Le pluralisme culturel représente un modèle de construction des identités politiques sur des bases sub ou transnationales (ethnie, langue, religion…) et donne une légitimité internationale aux diasporas nationales. La société compartimentée en solidarités ethniques se doit d’assurer une distribution égale des richesses nationales à chaque segment culturel. Le processus de modernisation et de capitalisation qui a accompagné la formation de l’État-nation avait éliminé en bonne partie ce pluralisme grâce à une citoyenneté qui en permettait le nivellement. Le pluralisme actuel est postnational en ce qu’il multiplie les communautés politiques et donc les niveaux de citoyenneté au sein d’un même espace national. Ainsi, une série de groupes d’appartenance plus immédiats et plus concrets se forment au détriment d’une société plus solidaire dont la souplesse autorise la viabilité.

Pourtant, même dans cette logique, l’État-nation demeure le lieu privilégié de la construction des identités collectives et le multiculturalisme s’avère comme moyen de rapprochement des peuples du monde.
Mais, La logique du multiculturalisme, bien qu’animée d’un désir sincère d’équité sociale, se révèle génératrice de tension. Le principe de particularisme qui la sous-tend s’oppose profondément au principe d’universalisme sur lequel repose le système de valeurs et de traditions (valeurs liées à la citoyenneté, à la participation politique, à la justice, à l’égalité et aux droits humains en général) qui sert d’assise à la société libérale et démocratique. Cette reconnaissance politique entraîne la mutation des populations immigrées en minorités ethniques et comporte le risque d’un morcellement de la société en groupes ou coalitions d’intérêts, fondés sur l’ethnie ou la race, qui se disputent leur part des ressources limitées.

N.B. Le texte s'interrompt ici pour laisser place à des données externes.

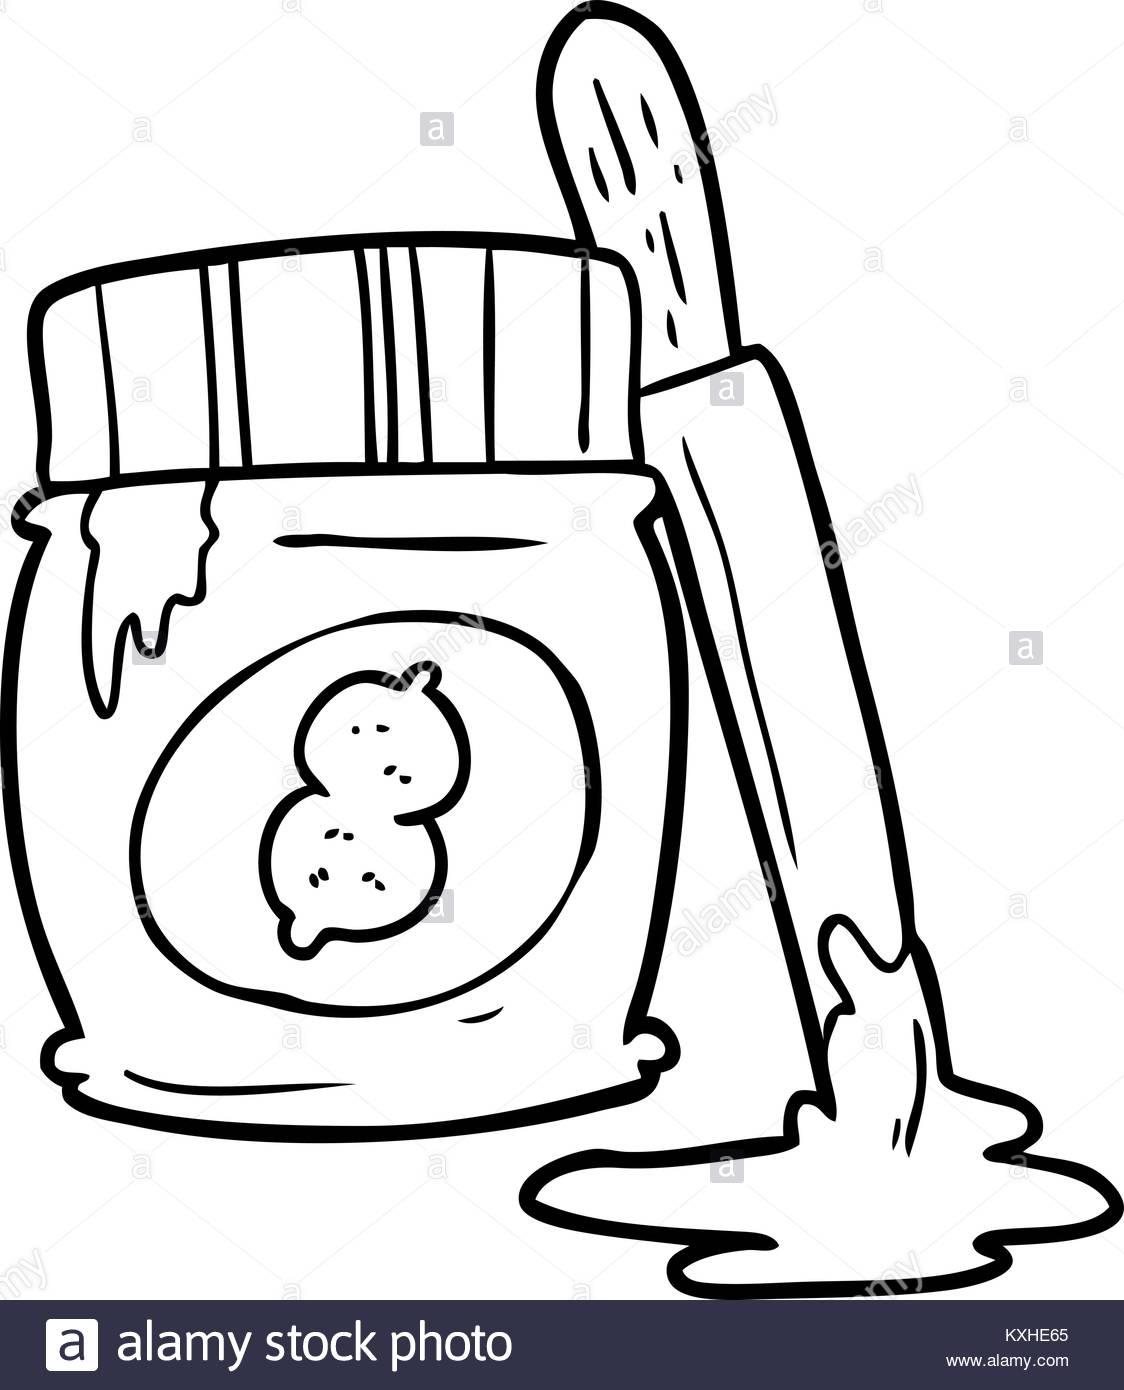 1124x1390 Cartoon Peanut Black And White Stock Photos Amp Images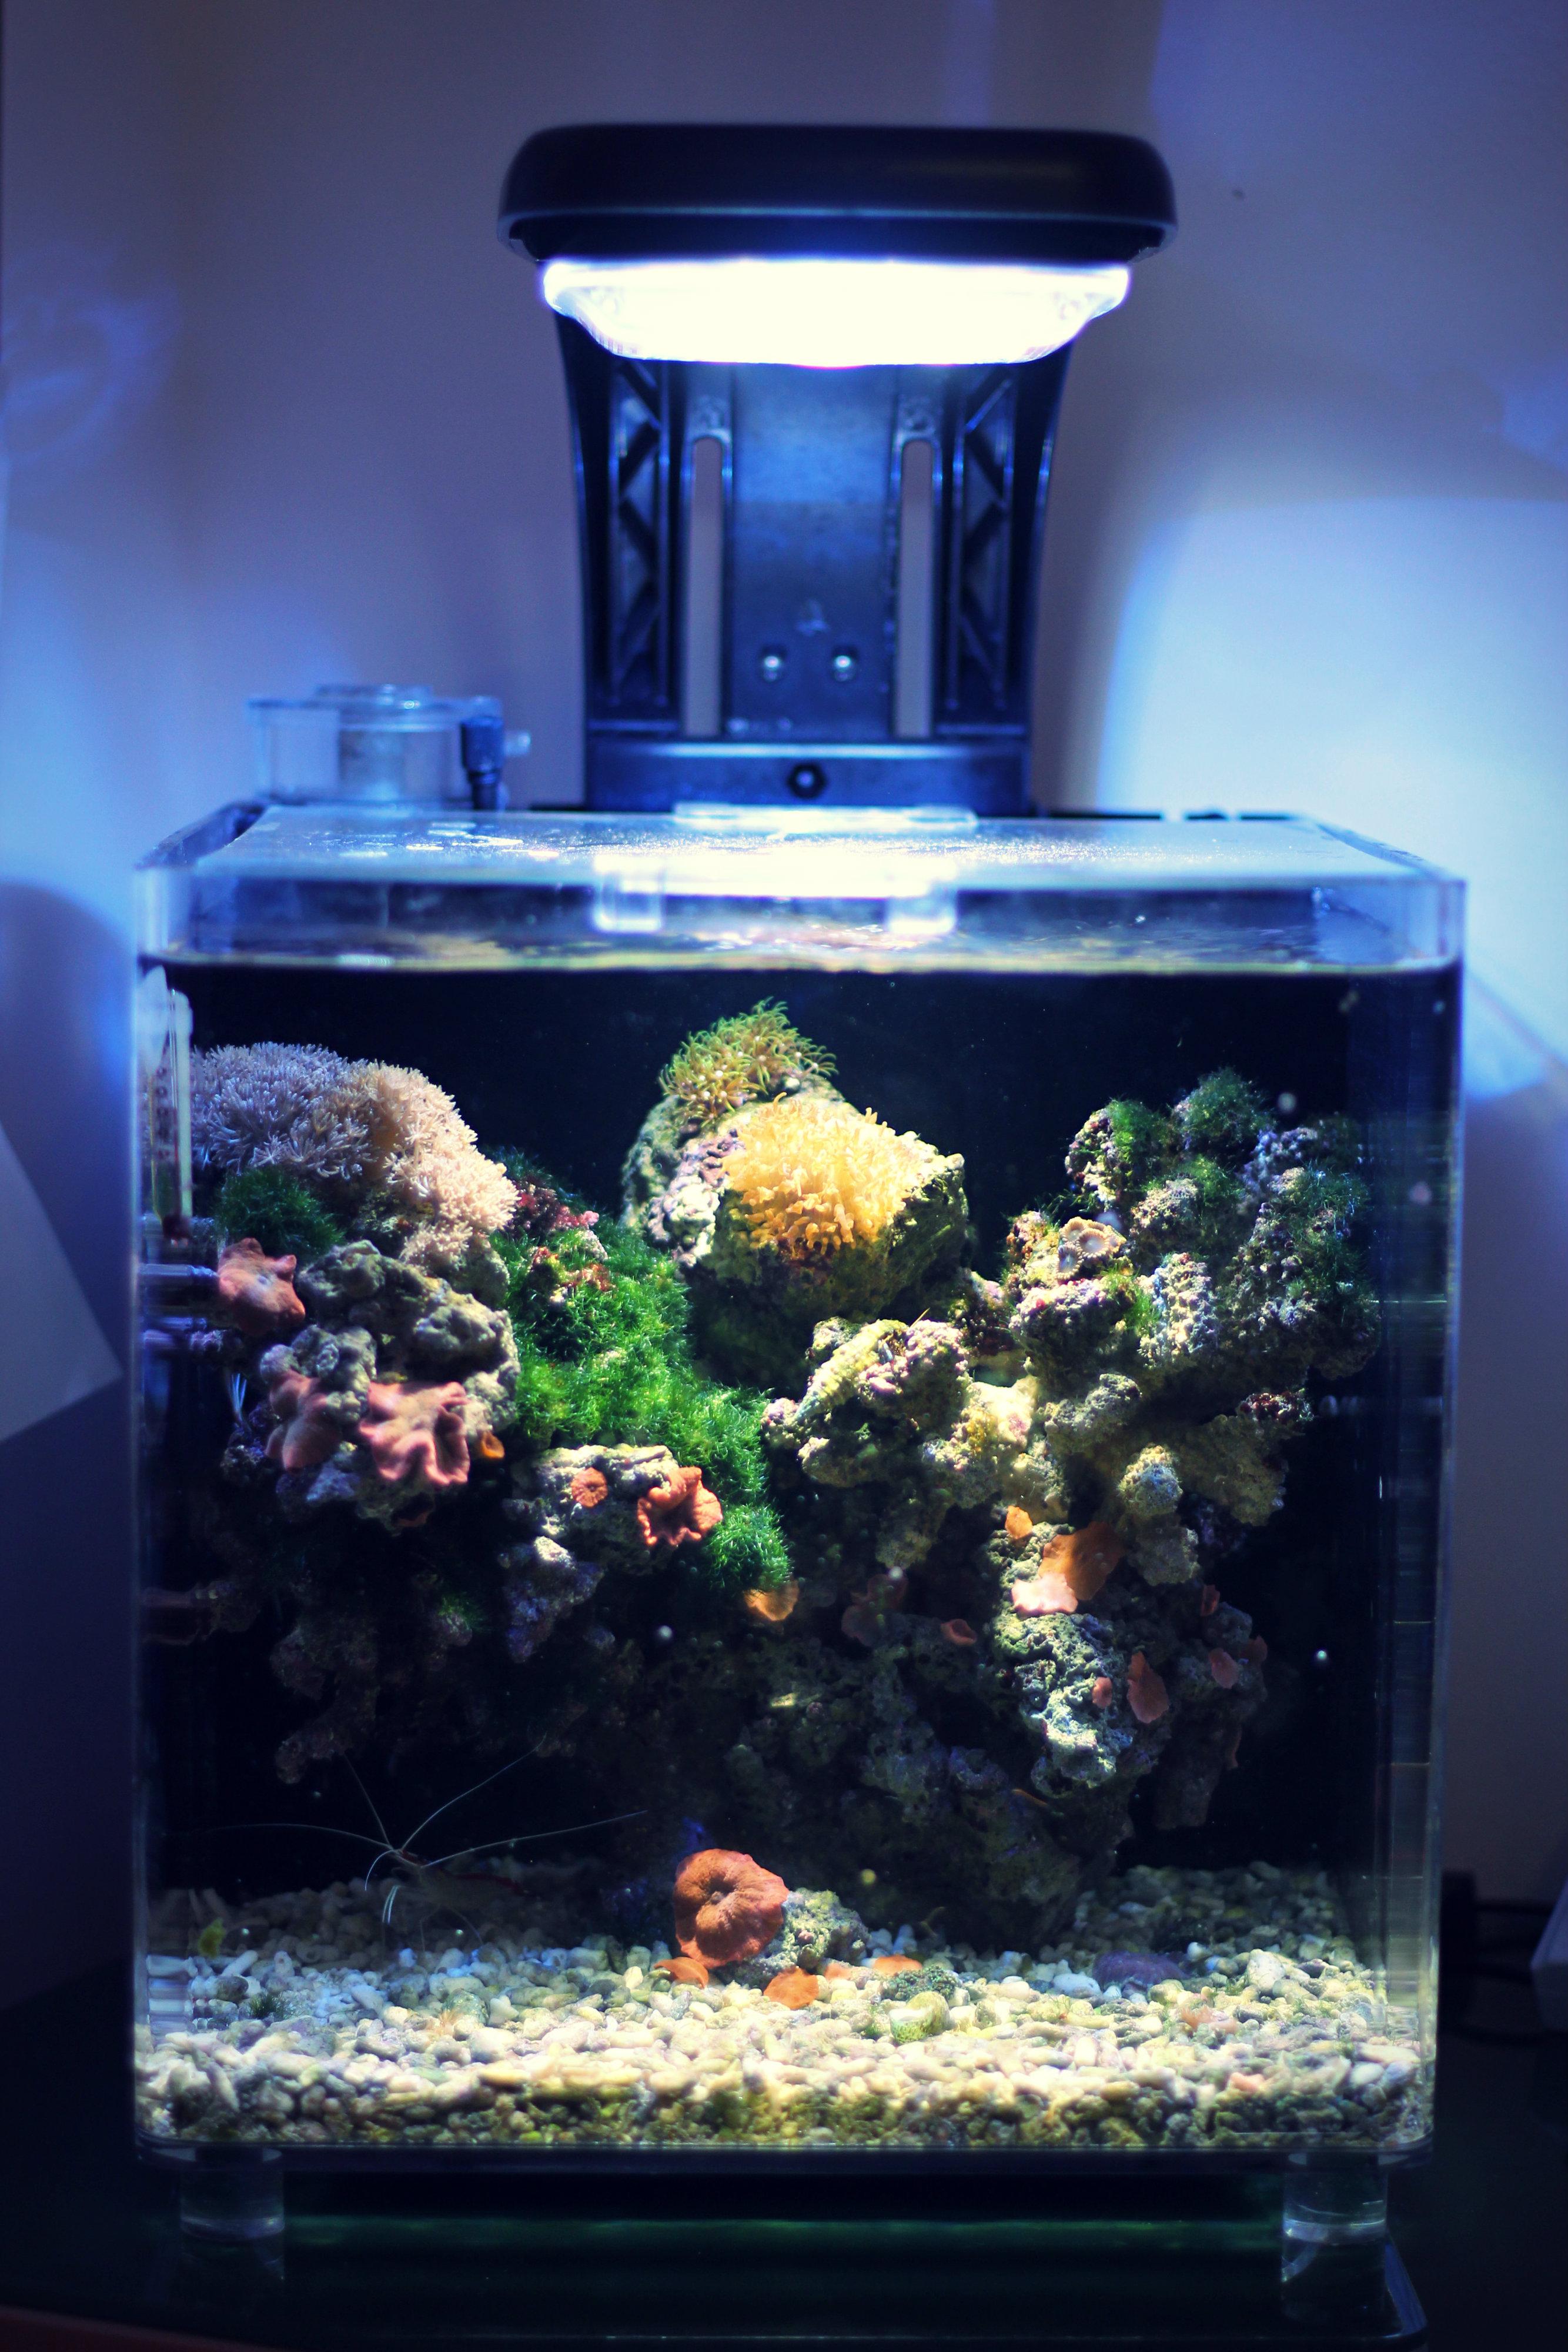 Xeat S Tmc Micro Habitat 30 Unter 100 Liter Dein

Ainsi, la lutte contre le racisme en travail social est à la fois une exigence liée aux valeurs fondamentales du service social et aux missions qui lui sont confiées par l’État. Il ne suffit pas de se mobiliser contre le racisme ou de créer des associations antiracistes pour y parvenir. Au contraire, il faudra que les mouvements antiraciste et raciste se rejoignent par l’érection de barrières (culturelle ou raciale) entre les communautés. Sans analyse des enjeux politiques, des idéologies prônées par les uns comme par les autres et, surtout, des effets pervers de la défense des identités culturelles et du droit à la différence, l’intervenant risque, en toute bonne foi, de contribuer à ériger de nouvelles barrières et à attiser les tensions sociales et politiques entre des citoyens ethnicisés.